Morton’s rendering of these harrowing moments in Gregory’s life and the life of the movement are spine-tingling, especially how the death of his son in 1963 saved his own life.

In an almost entirely one-man show save for ancillary roles played by John Carlin, Morton weaves comedy routines with commentaries on his career and race work — as well as analysis of what ailed America and still does. As we all cope with these unbelievably unsettling times, I can’t think of a better show to put it all in perspective. (The name Trump is not spoken, but hovers nevertheless.) “We didn’t die during the Civil Rights Movement so that we could elect a black president,” he says. “We died to save the least among us.”

The most riveting scene has Gregory in his dressing room getting a call from NBC’s “Tonight” show in the early 1960s — every comedian’s dream. The struggle that he goes through with the show’s booker, host Jack Paar, and himself as he tries to balance his ambition with his need for self-respect is unforgettable. “I can make a white man laugh about anything I want him to!,” he says to his mirror as he debates with himself. “I can make him beg me to make him feel bad. Just with a joke.”

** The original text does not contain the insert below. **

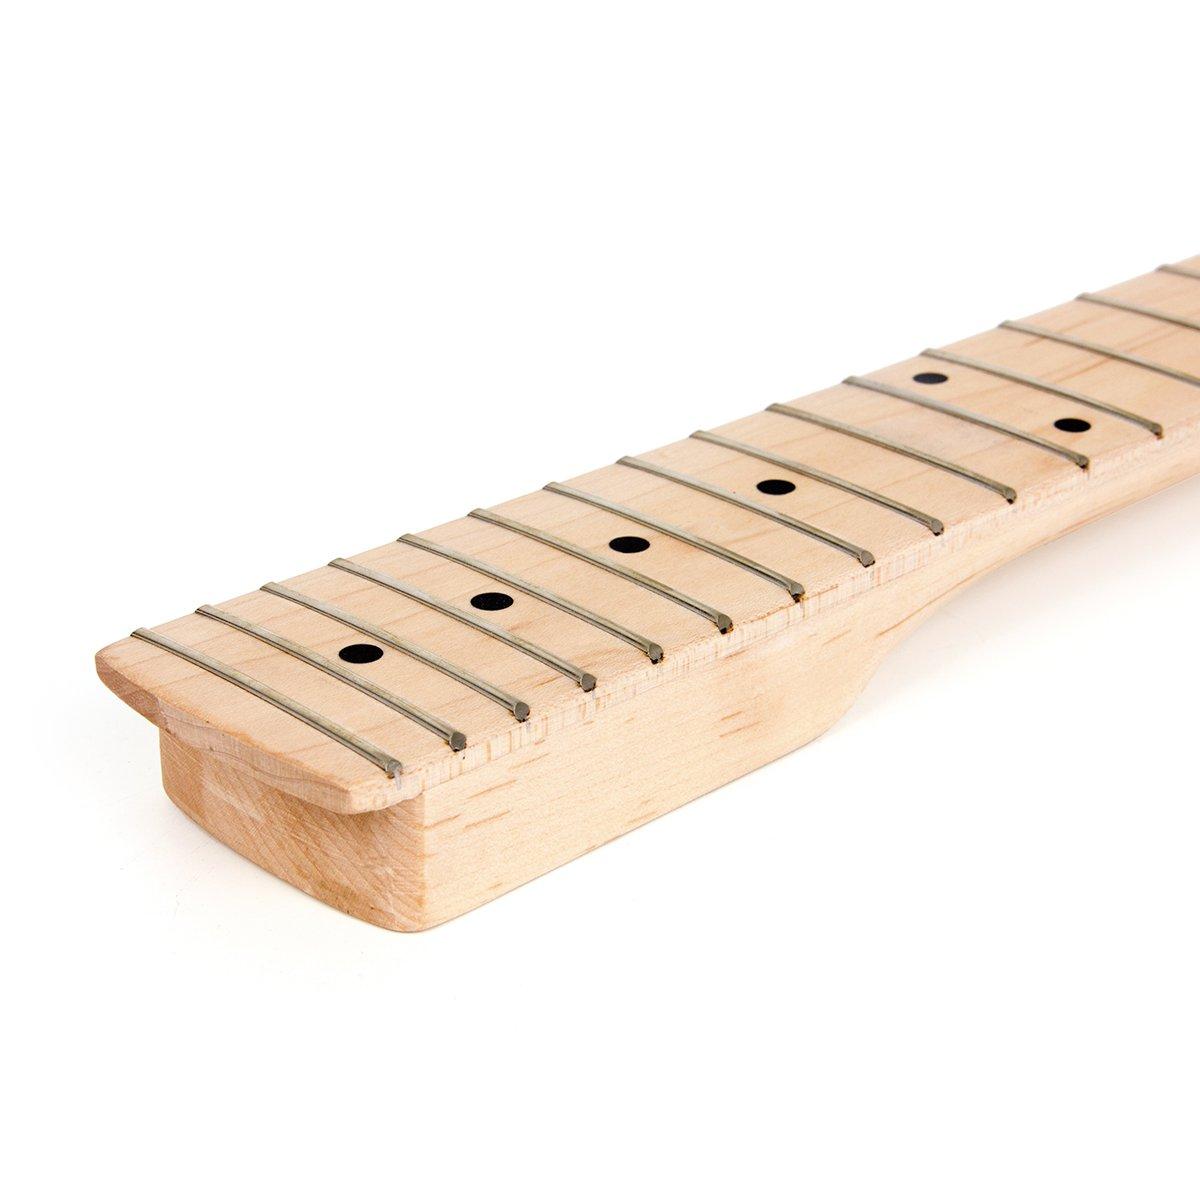 Kmise DIY Parts Clear Satin Maple 22 Fret Bolt on Paddle Headstock Electric Guitar Neck (4334250134) by Kmise (Image #6)
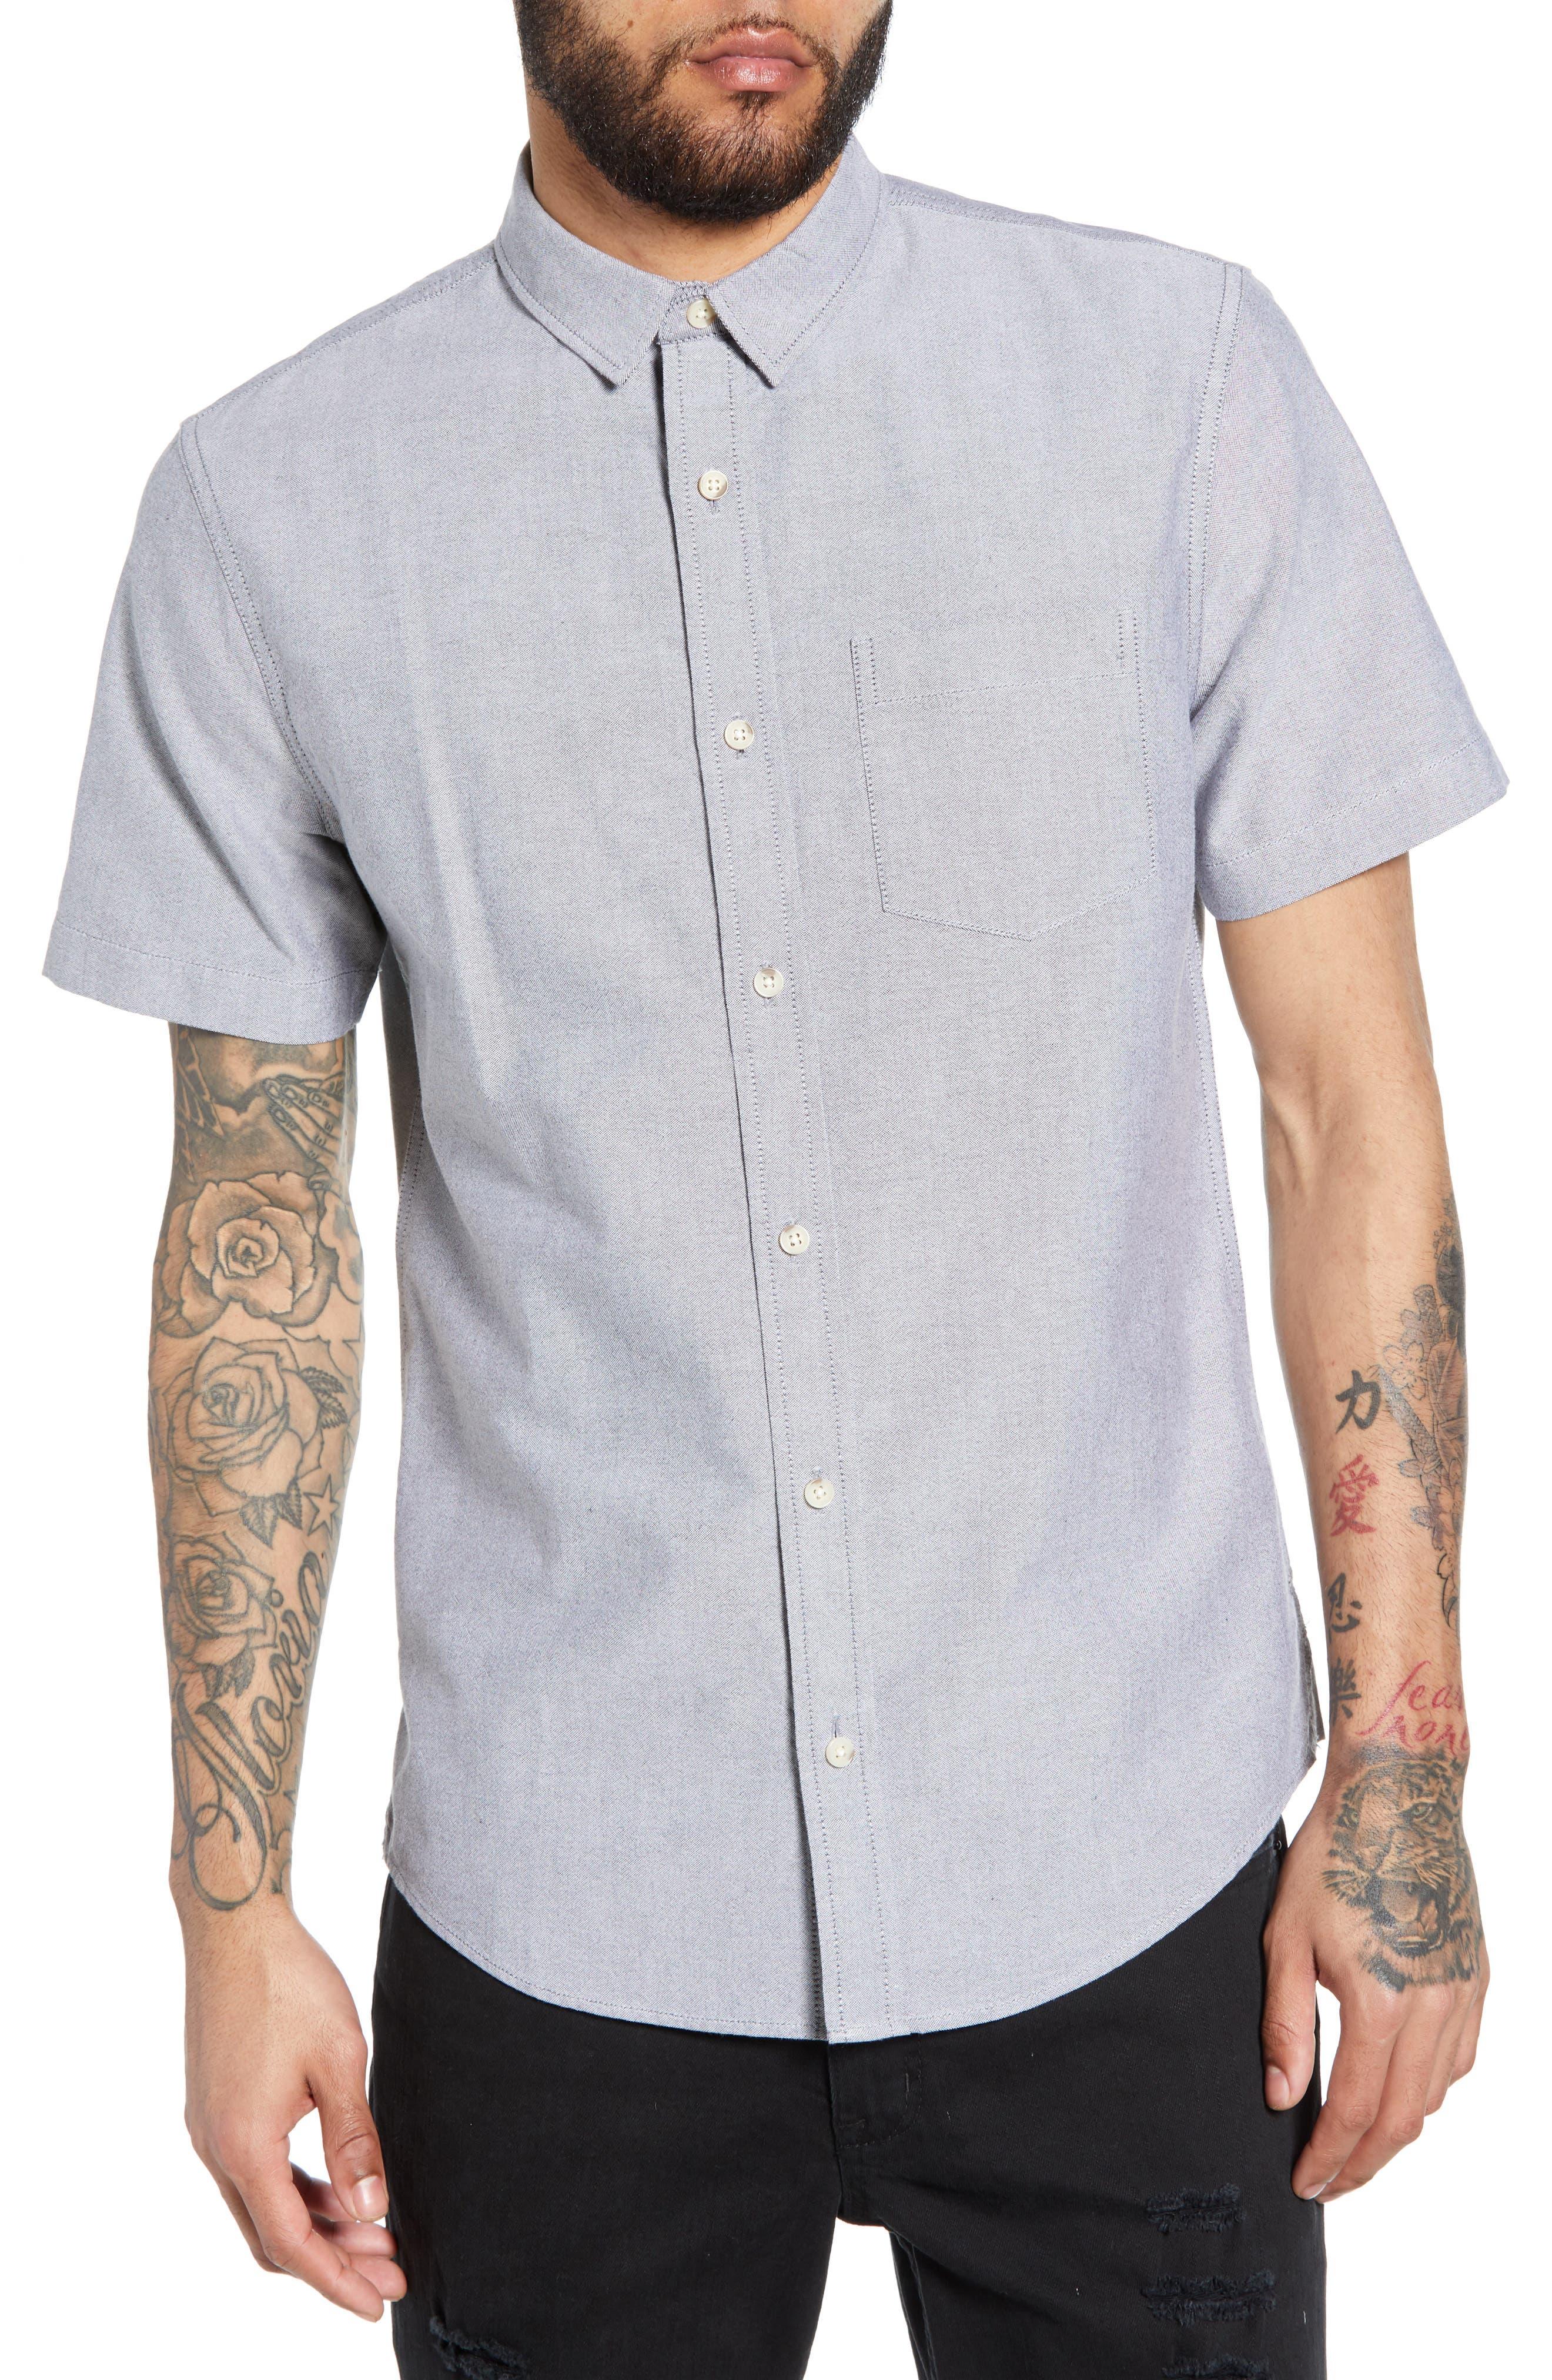 THE RAIL Oxford Cloth Woven Shirt, Main, color, BLACK ROCK-WHITE

Dick Gregory himself is still at it — and has been known to make comments on gay issues that are less than politically correct. This show does not get into that. But in its laser focus on race, it confronts us with who we are as Americans — a culture that still imbues the n-word with a terrible sting. That is something “Turn Me Loose” — and Dick Gregory — are still trying to defuse.


TURN ME LOOSEA PLAY ABOUT COMIC GENIUS DICK GREGORY | Westside Theatre, 407 W. 43rd St. | Through Jul. 3: Tue.-Thu. at 7:30 p.m.; Fri.-Sat. at 8 p.m.; Wed., Sat.-Sun. at 2 p.m. | $79 at  turnmelooseplay.com or 212-239-6200 | Ninety mins.